Estimating human poses from videos is critical in human-computer interaction.
By precisely estimating human poses, the robot can provide an appropriate
response to the human. Most existing approaches use the optical flow, RNNs, or
CNNs to extract temporal features from videos. Despite the positive results of
these attempts, most of them only straightforwardly integrate features along
the temporal dimension, ignoring temporal correlations between joints. In
contrast to previous methods, we propose a plug-and-play kinematics modeling
module (KMM) based on the domain-cross attention mechanism to model the
temporal correlation between joints across different frames explicitly.
Specifically, the proposed KMM models the temporal correlation between any two
joints by calculating their temporal similarity.

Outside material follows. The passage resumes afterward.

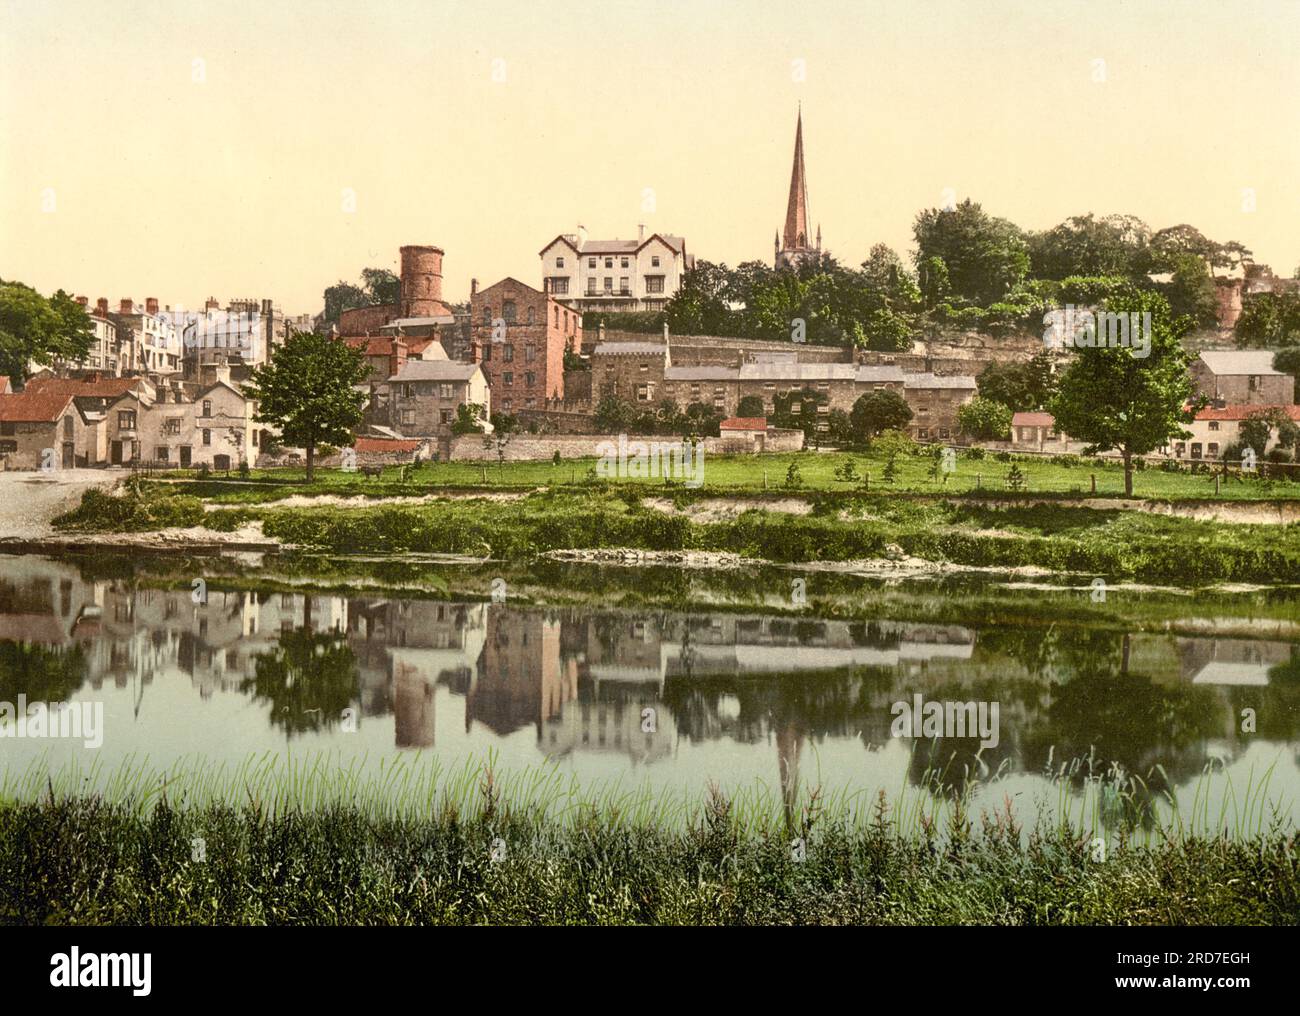 From the river, Ross-on-Wye, a market town and civil parish in Herefordshire, England, 1895, Historical, digital improved reproduction of an old Photochrome print Stock Photo

In this way, KMM can learn the
motion cues of each joint. Using the motion cues (temporal domain) and
historical positions of joints (spatial domain), KMM can infer the initial
positions of joints in the current frame in advance. In addition, we present a
kinematics modeling network (KIMNet) based on the KMM for obtaining the final
positions of joints by combining pose features and initial positions of joints.
By explicitly modeling temporal correlations between joints, KIMNet can infer
the occluded joints at present according to all joints at the previous moment.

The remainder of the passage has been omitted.